Pandas Tips

[ ]

Recently I got a task of checking whether the excel has some some wrong data. There are some conditions where some columns must meet. Using the Excel filtering or equation is cumbersome, as the condition can be very complex.

I always try to use Python for this type task, espeicially Pandas provides very good support of excel.

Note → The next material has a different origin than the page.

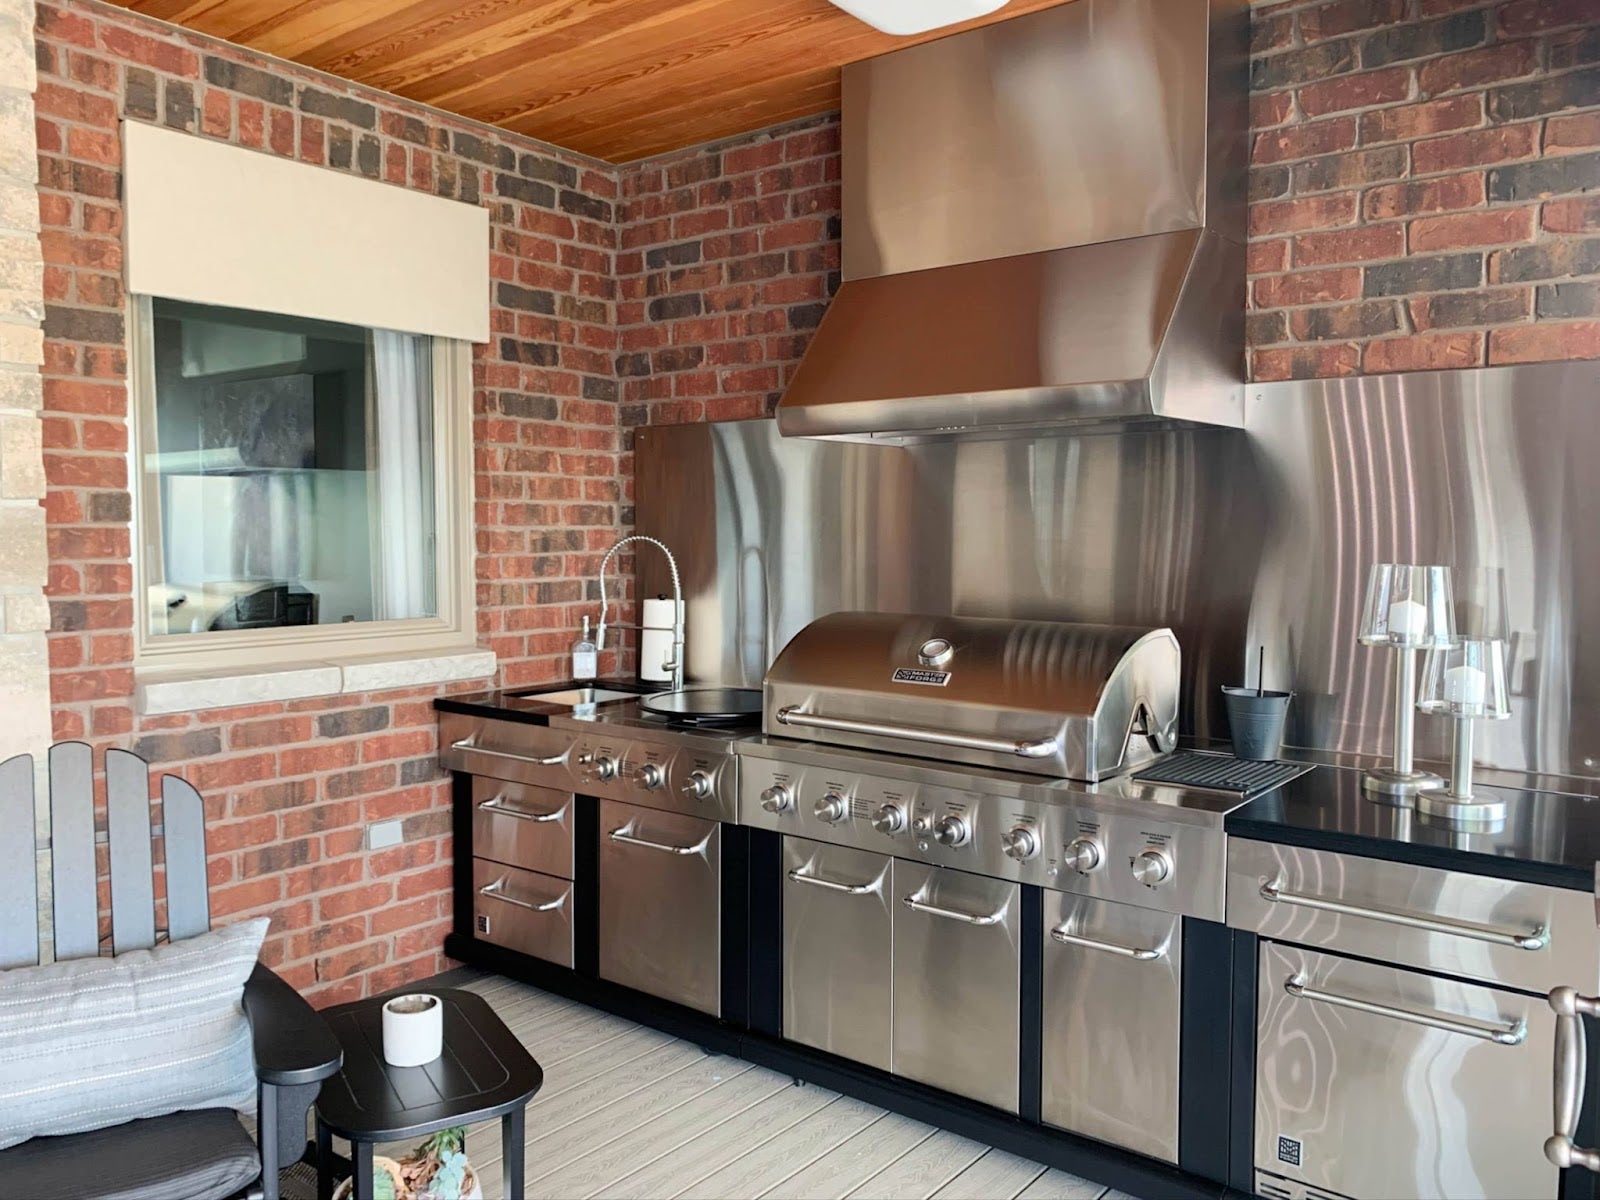 Industrial-style indoor kitchen with a Proline range hood, stainless steel appliances, and exposed brick walls, creating a harmonious blend of modern and rustic elements - prolinerangehoods.com

To open an excel, we can use the following code:

import pandas as pd
df = pd.read_excel("input.xlsx")

To filter out the data which doesn’t meet the conditions, we can use the following code:

df[
    (
        (
            (~df['Item Type'].isin([u"ACCESSORY", u"MEMORY", u"SOFTWARE", u"TBD"]))
            & (df["Item Family"] != df["Item Type"]))
        & (~df["Item Root"].str.match(u"SERVER STORAGE", False, na=False))
    )
    | (
        (
            (~df['Item Type'].isin([u"ACCESSORY", u"MEMORY", u"SOFTWARE", u"TBD", u"WARRANTY", u"CABLE", u"OPTIC"]))
            & (df["Item Family"] != df["Item Type"])
        )
        & (df["Item Root"].str.match(u"SERVER STORAGE", False, na=False))
    )
    ].to_excel("output.xlsx")

You can replace to_excel to count() to find the number of filtered result; head to find some example of the filter result.

However, there are some special notes about the filtering/condition in Pandas:

for str.match(word, check_case, na), be aware of na which deals the return value in case data is not available (na);
for & (and) or | (or), Pandas seems to have bad time in handling more than two conditions by & or |, thus we’d better bracket for every two conditions;
for not, please use ~. Also bracket around the not-condition;

Written on August 14, 2017